[[ Data to process open ]]
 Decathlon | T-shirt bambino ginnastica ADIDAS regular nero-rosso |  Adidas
[[ Data to process closed ]]
[[ Data to process open ]]
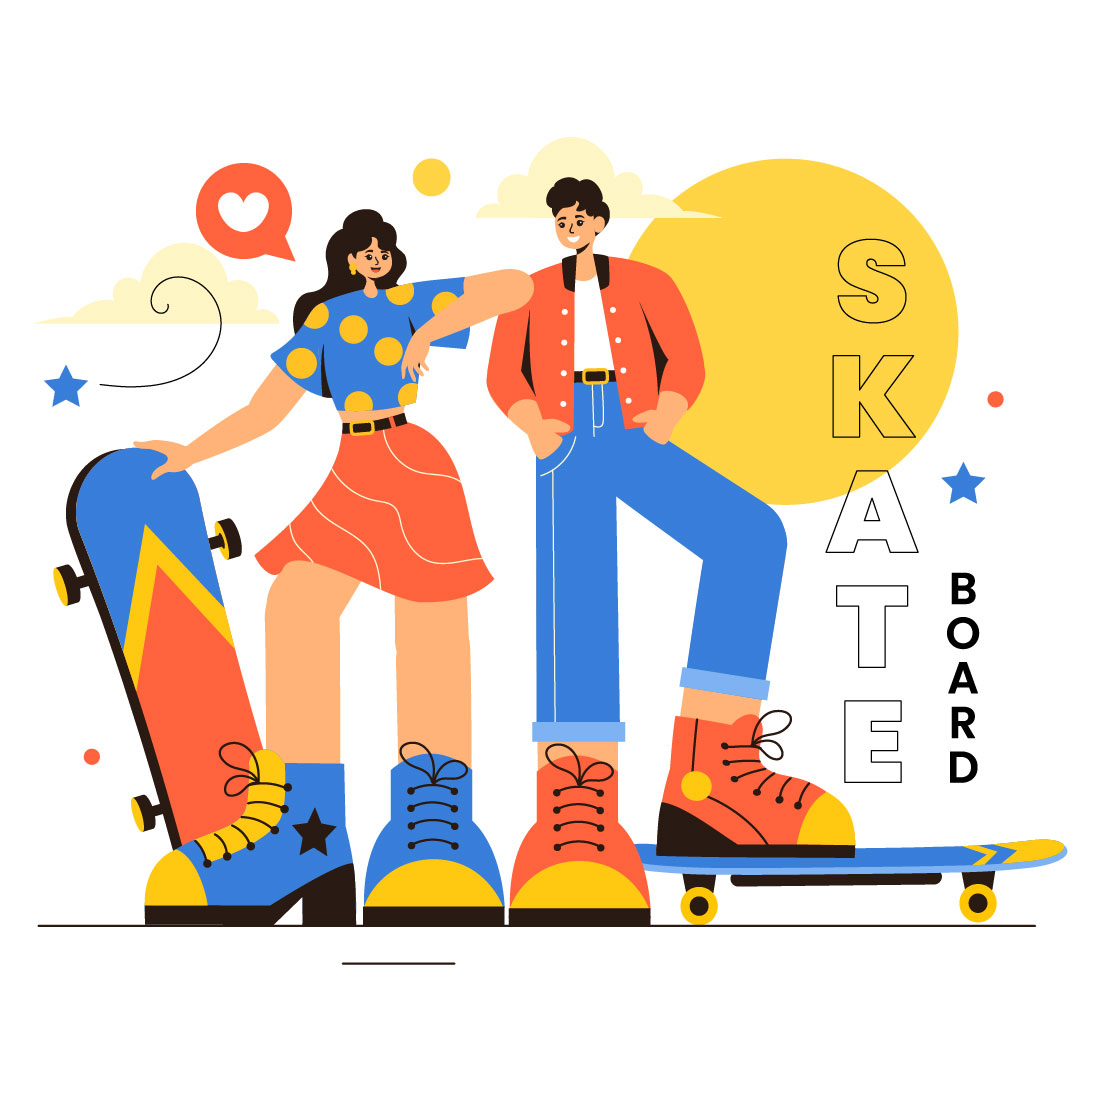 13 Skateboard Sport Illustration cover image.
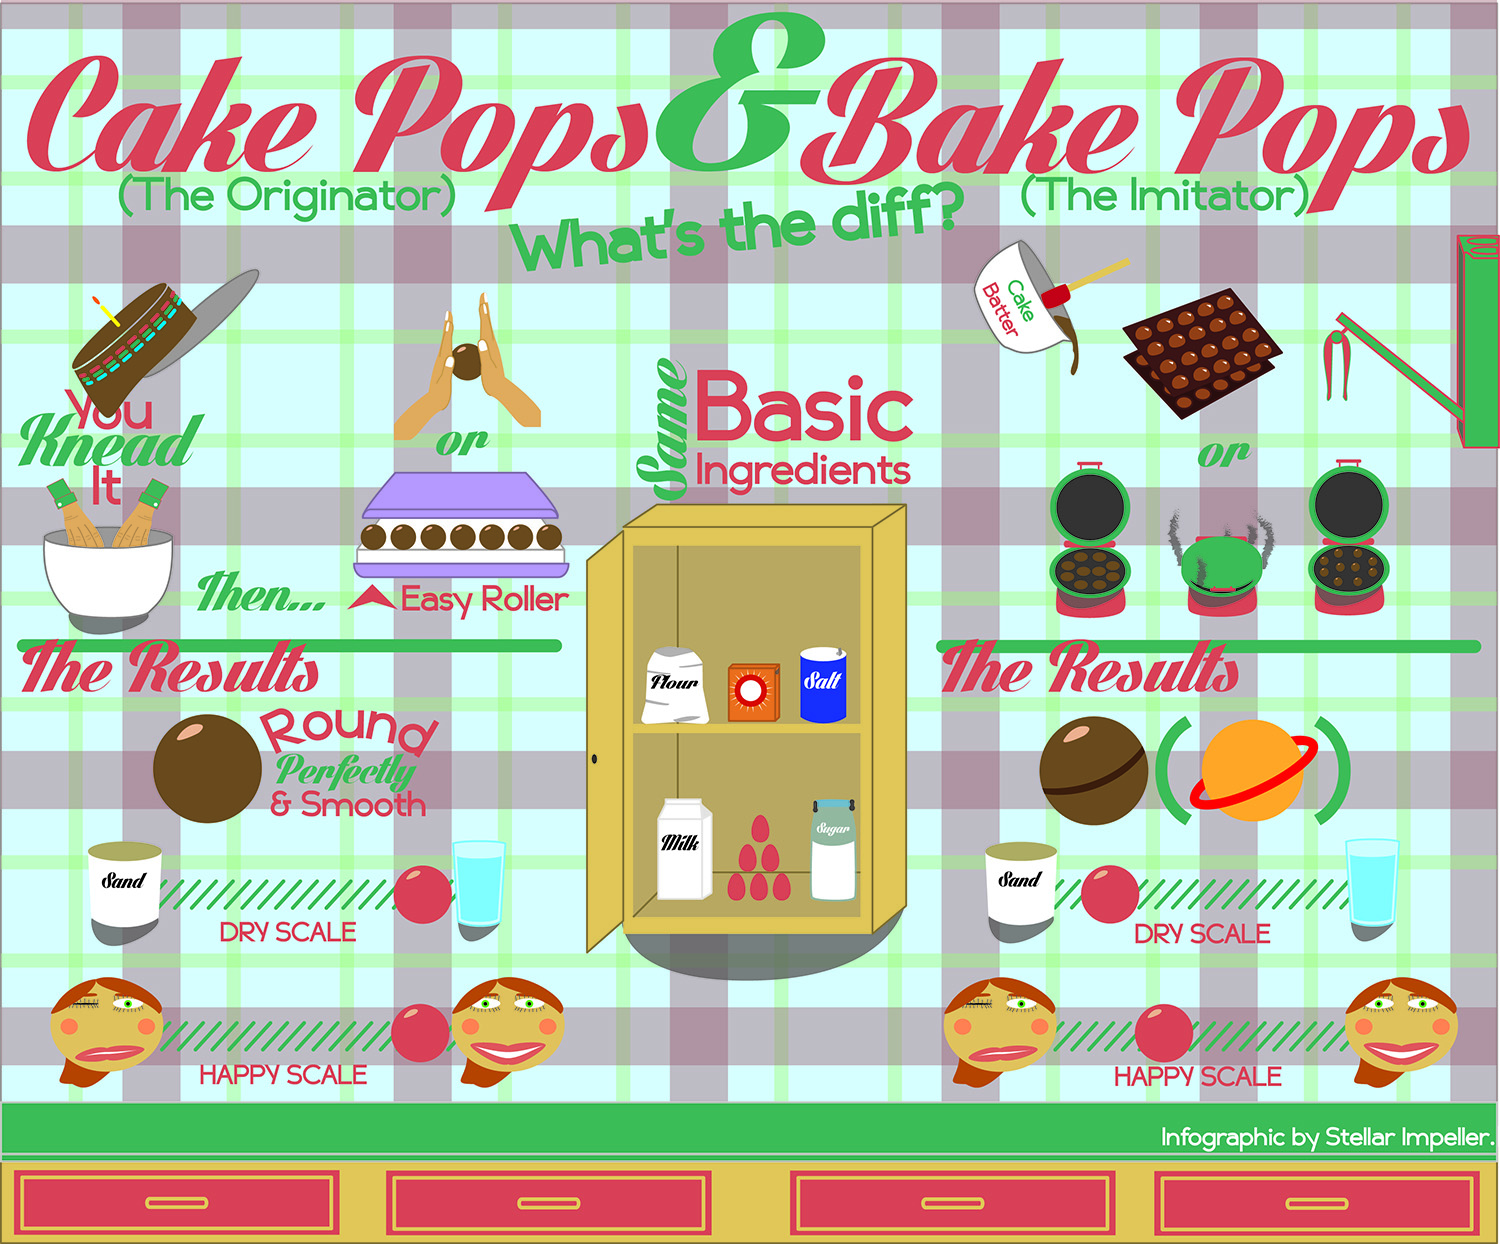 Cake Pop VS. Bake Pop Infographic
[[ Data to process closed ]]
Work item ->
Your output should be the lines above from the one that contains "13 Skateboard Sport" through the one that contains "Cake Pop VS. Bake Pop Infographic", word for word, with pictures left out.

Task solution ->
 13 Skateboard Sport Illustration cover image.
 Cake Pop VS. Bake Pop Infographic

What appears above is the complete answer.